A Breakdown of Technical Debt Metrics in Agile

Velocity is the clearest KPI of technical debt as hours can be expressed as cost. On the engineering side, there is a set of common KPIs that engineering teams and managers track and analyze for trends that gives an indication of their technical debt position.

Code Duplication

  • Duplicated code: On the face of it, duplication seems like a good thing as it’s faster and a way of reusing software that has already been implemented and tested by adapting it the new functionality. However, that doesn’t mean that duplicated code is the best development solution. Furthermore, it increases the software size needlessly resulting in higher maintenance time and cost and when bugs are detected and fixed all the duplicated code needs to be identified and fixed as well.
  • Copy pasted code: Unlike duplicated code, copy-pasted code from StackOverflow, etc has not been implemented and tested in your system. It’s like taking candy from a stranger.

Code Complexity

Cyclomatic complexity indicates the complexity of a program. It is a quantitative measure of the total paths in a code unit.

Dead Code

Executed code that is not being traversed by end users or used in any computation. Dead code eats up computation and memory on each execution as well as maintenance time and resources.

Code Review Ratio

The ratio of reviewed pull requests. The simplest implementation here would be to assign equal weights to all code reviews, however, code review intensity should be dictated by the potential of failure and the potential cost of failure. For example, core computations pull requests should be reviewed by multiple team members and carry a higher ratio weight.

Code Coverage

The percent of code covered by unit tests.

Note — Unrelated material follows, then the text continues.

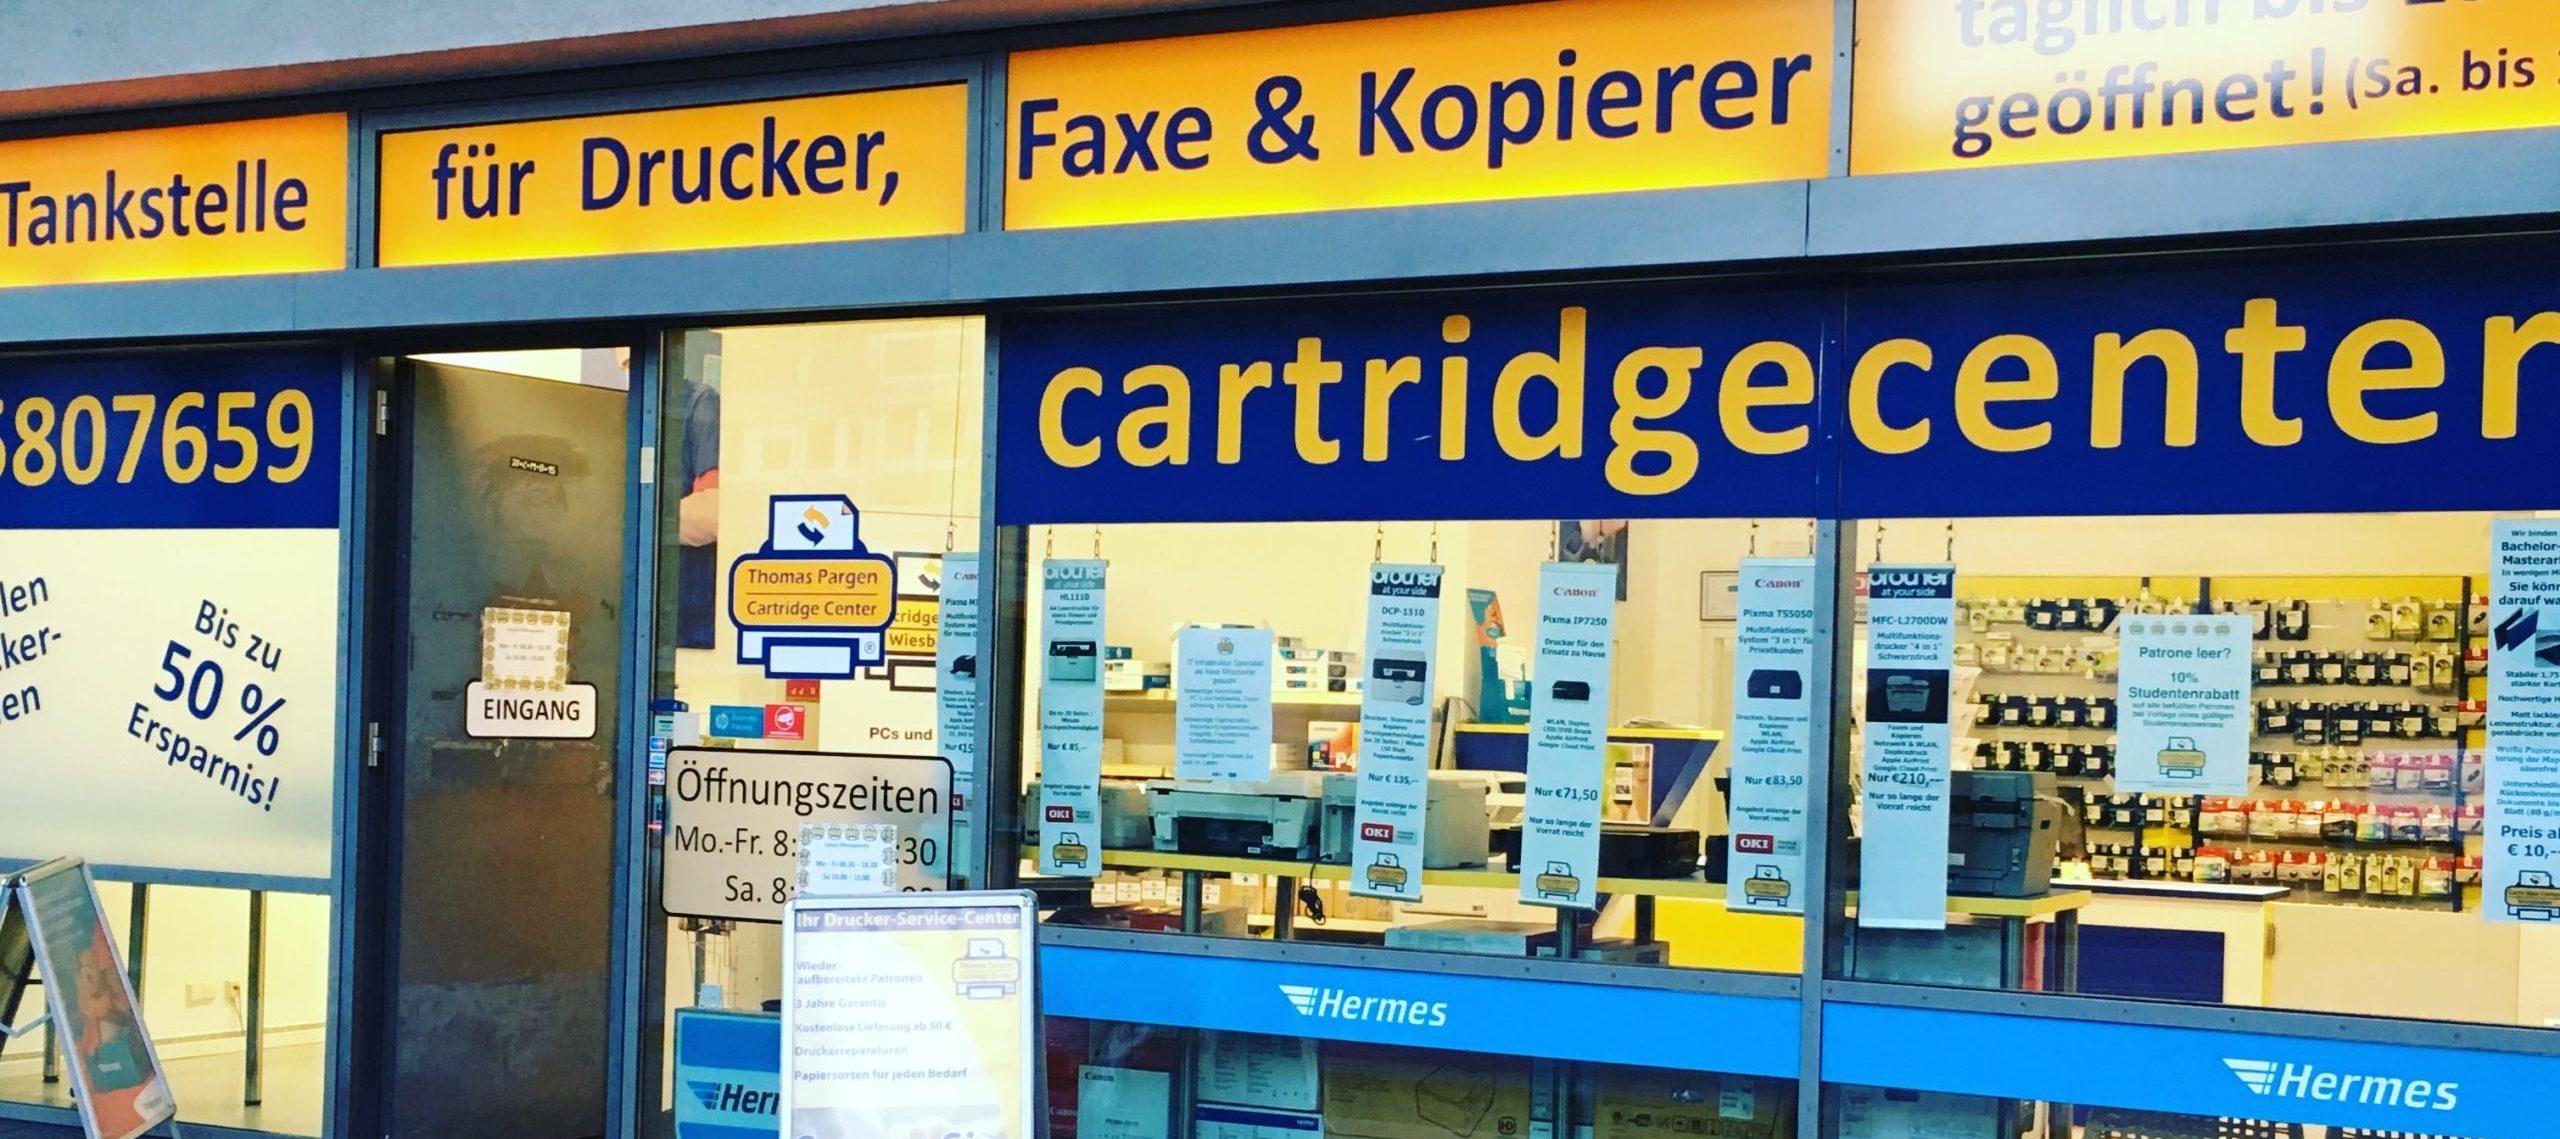 Cartridge Center Wiesbaden - das Fachgeschäft rund ums Drucken in Wiesbaden
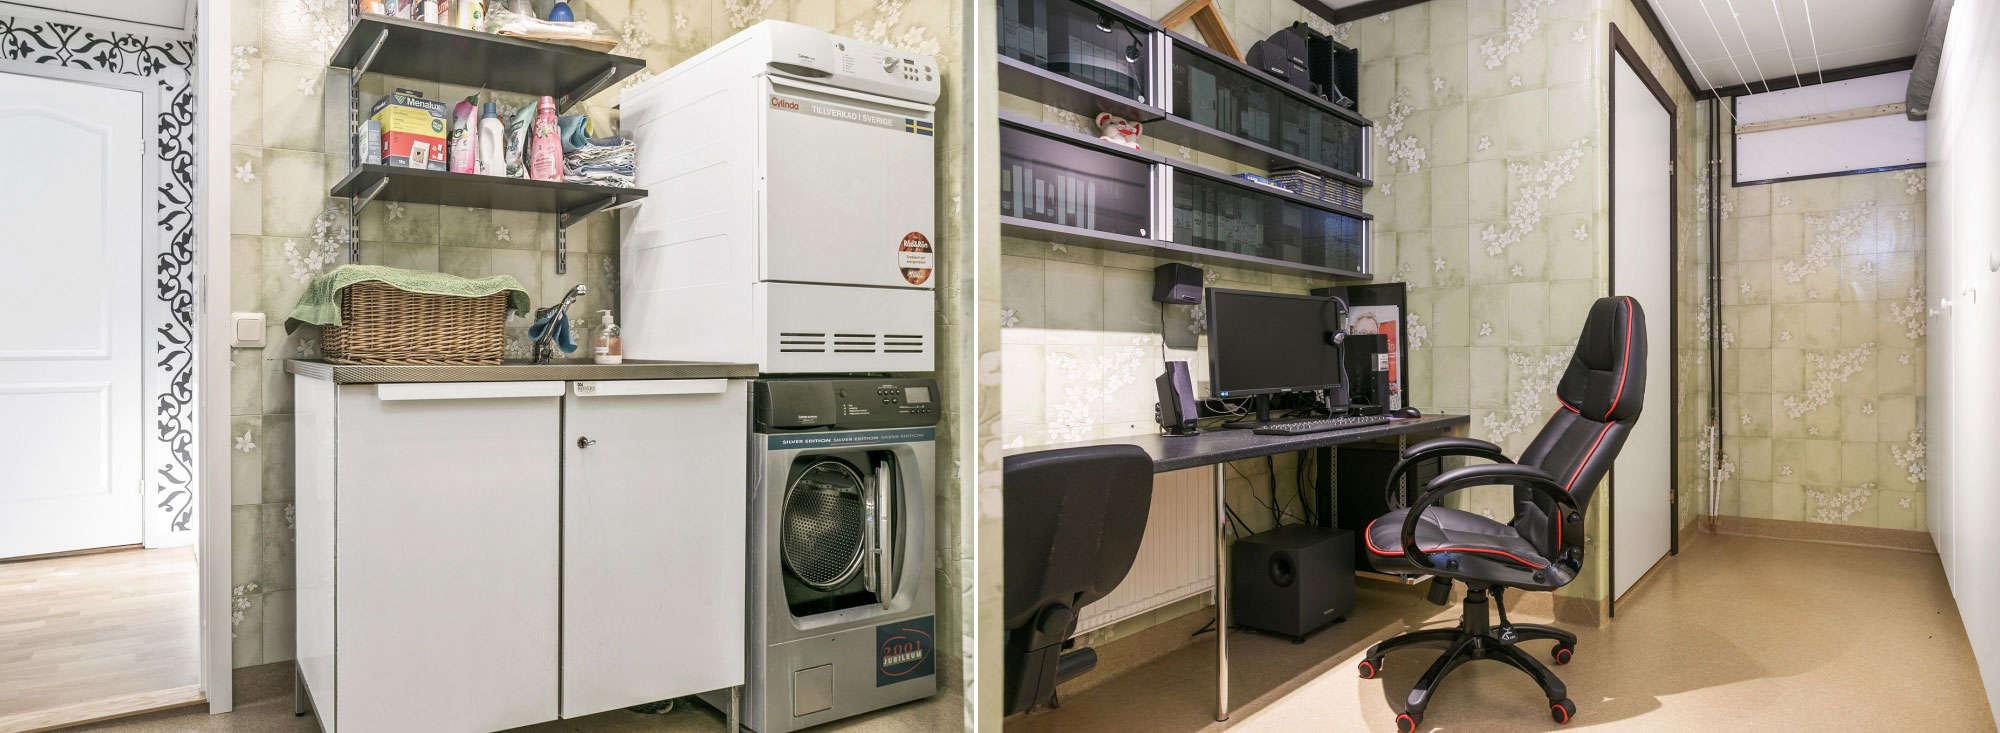 Förebilder på hur tvättstugan ser ut innan renovering.

  • Line coverage: The total number of lines that have been covered at least once by a test case.
  • Branch coverage: the number of conditional branches that have been covered at least once by test cases.

Test Coverage

The percent of use cases covered by tests.

Regression Code Coverage

The percent of your code covered by regression tests.

Untested Code Changes

The total number of untested code changes per build.

Duration

  • Testing: The duration of your test suite execution.
  • Environment provisioning: The idle spin up time between environment initiation and provisioning.

Dependency Cycles and Coupling

  • Dependency cycles: Unwanted cycles reported between files which break the acyclic dependencies principle.
  • Coupling: Coupling is the number of external files that depend on a particular file. The higher the dependencies, the higher the risk of breakage.

Documentation Ratio

The ratio of public API documented.

Defect Aging

Known bugs that have been deferred to future releases.

Technical Debt and User Story Backlog Aging and Ratio

How long technical debt and user story items are pending in the backlog and the ratio of technical debt and user story items/hours of development to product items/hours of development.

Technical Debt Management: Maintaining a Low-Risk Technical Debt

At SeaLights, we believe that low-risk technical debt is actually a good thing since it allows for increased velocity. Developing and maintaining integration tests is a time-consuming and expensive process…one that may lead to test gaps, increased technical debt, and reduced team efficiency. To prevent this, you must focus your test development on high-risk areas.

Maintaining low-risk technical debt requires to you gather information and metrics on these high-risk areas and concentrate on them during sprint planning. Focus on developing integration tests for high-risk areas: code that was recently changed wasn’t tested and has a high production use.

Technical debt is a two-edged sword. Applied carefully, it helps you increase velocity, but too much of it will make your software fall to pieces. Now you should know what to look for and how to start measuring and managing your technical debt.